**Your task**
After locating the line with "2010 Polaris ranger Vin decoder Vwr" in the data that follows, return it and every later line exactly, up to and including the line with "最新一代AT3家族產品-Discoverer AT3 4S™全地形越野輪胎是專為...".

**Data listing**
======

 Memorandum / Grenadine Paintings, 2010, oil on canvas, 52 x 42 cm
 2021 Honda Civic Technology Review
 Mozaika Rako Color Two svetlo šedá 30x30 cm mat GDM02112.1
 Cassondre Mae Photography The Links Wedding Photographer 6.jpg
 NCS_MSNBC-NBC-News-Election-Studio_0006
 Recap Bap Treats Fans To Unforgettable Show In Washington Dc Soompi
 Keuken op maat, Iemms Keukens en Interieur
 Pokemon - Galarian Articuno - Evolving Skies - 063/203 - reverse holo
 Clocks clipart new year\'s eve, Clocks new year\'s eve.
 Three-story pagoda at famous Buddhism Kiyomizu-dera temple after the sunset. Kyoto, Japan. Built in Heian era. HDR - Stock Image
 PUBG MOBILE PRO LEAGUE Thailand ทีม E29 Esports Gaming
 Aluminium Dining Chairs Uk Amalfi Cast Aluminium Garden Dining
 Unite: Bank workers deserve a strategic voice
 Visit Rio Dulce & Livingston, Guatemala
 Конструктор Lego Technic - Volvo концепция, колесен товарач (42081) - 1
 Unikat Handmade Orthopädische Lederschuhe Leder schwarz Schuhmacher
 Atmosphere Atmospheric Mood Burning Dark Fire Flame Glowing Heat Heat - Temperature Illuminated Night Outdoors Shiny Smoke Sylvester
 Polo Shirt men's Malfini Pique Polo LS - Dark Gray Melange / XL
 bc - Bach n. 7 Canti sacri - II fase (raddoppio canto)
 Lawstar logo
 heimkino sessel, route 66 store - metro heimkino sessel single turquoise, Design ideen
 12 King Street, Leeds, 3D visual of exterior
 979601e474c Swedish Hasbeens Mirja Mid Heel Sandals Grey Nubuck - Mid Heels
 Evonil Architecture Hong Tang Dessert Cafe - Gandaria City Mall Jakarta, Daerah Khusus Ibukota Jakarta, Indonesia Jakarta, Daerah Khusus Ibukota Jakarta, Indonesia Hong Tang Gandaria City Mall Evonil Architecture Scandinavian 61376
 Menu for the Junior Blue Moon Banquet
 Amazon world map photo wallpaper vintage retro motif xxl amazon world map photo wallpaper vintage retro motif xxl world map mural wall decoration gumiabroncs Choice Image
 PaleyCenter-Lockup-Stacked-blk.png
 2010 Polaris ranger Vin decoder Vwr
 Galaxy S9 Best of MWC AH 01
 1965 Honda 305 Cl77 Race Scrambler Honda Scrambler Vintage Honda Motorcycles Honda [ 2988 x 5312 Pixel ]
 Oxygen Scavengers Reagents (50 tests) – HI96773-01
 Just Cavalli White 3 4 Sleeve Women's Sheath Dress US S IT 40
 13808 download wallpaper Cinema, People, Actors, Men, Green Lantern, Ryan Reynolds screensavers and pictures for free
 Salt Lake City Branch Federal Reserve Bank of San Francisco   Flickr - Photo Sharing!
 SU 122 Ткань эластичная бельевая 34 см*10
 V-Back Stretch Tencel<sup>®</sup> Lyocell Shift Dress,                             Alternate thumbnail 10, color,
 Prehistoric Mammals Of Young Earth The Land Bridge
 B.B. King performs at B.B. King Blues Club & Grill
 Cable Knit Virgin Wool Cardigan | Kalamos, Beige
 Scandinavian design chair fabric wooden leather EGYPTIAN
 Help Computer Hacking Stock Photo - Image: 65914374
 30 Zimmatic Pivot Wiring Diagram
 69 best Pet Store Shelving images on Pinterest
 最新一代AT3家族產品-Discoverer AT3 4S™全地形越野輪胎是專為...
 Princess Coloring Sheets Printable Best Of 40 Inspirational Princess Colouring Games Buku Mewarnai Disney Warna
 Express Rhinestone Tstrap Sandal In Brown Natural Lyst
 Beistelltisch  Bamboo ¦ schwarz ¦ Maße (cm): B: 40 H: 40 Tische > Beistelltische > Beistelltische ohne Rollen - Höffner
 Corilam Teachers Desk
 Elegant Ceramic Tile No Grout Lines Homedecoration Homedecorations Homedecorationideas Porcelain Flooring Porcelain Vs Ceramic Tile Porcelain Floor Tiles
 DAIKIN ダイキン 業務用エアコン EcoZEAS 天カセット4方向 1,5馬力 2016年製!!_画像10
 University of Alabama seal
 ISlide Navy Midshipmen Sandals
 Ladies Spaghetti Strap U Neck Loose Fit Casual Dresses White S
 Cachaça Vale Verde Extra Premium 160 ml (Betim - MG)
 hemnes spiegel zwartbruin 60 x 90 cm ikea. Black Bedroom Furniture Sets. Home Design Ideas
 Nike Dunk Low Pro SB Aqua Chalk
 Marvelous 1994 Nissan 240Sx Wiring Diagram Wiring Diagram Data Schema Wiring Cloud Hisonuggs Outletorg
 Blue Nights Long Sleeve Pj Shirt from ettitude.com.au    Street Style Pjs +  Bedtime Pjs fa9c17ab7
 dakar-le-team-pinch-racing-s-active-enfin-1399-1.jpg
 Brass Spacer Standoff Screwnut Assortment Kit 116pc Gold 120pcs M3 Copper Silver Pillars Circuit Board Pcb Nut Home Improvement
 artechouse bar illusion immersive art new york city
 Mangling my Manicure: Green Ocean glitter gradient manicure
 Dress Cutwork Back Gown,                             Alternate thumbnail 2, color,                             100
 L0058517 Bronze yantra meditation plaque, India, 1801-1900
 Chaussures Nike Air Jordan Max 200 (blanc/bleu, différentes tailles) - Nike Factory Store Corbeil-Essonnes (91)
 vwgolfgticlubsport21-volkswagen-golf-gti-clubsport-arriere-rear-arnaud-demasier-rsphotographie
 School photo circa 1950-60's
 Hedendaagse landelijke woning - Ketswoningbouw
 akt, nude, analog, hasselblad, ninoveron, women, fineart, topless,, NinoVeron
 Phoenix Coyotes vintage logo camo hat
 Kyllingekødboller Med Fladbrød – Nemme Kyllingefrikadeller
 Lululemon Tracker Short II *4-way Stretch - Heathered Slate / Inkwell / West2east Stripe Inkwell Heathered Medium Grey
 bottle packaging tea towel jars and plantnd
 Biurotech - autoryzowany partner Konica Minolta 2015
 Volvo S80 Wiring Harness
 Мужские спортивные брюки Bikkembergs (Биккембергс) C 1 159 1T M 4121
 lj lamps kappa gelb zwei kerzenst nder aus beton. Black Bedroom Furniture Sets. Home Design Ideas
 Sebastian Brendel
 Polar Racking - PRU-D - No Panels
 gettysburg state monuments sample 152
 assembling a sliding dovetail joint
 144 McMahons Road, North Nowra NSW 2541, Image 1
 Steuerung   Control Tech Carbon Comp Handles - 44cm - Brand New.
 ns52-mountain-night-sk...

======

**Response area**
 2010 Polaris ranger Vin decoder Vwr
 Galaxy S9 Best of MWC AH 01
 1965 Honda 305 Cl77 Race Scrambler Honda Scrambler Vintage Honda Motorcycles Honda [ 2988 x 5312 Pixel ]
 Oxygen Scavengers Reagents (50 tests) – HI96773-01
 Just Cavalli White 3 4 Sleeve Women's Sheath Dress US S IT 40
 13808 download wallpaper Cinema, People, Actors, Men, Green Lantern, Ryan Reynolds screensavers and pictures for free
 Salt Lake City Branch Federal Reserve Bank of San Francisco   Flickr - Photo Sharing!
 SU 122 Ткань эластичная бельевая 34 см*10
 V-Back Stretch Tencel<sup>®</sup> Lyocell Shift Dress,                             Alternate thumbnail 10, color,
 Prehistoric Mammals Of Young Earth The Land Bridge
 B.B. King performs at B.B. King Blues Club & Grill
 Cable Knit Virgin Wool Cardigan | Kalamos, Beige
 Scandinavian design chair fabric wooden leather EGYPTIAN
 Help Computer Hacking Stock Photo - Image: 65914374
 30 Zimmatic Pivot Wiring Diagram
 69 best Pet Store Shelving images on Pinterest
 最新一代AT3家族產品-Discoverer AT3 4S™全地形越野輪胎是專為...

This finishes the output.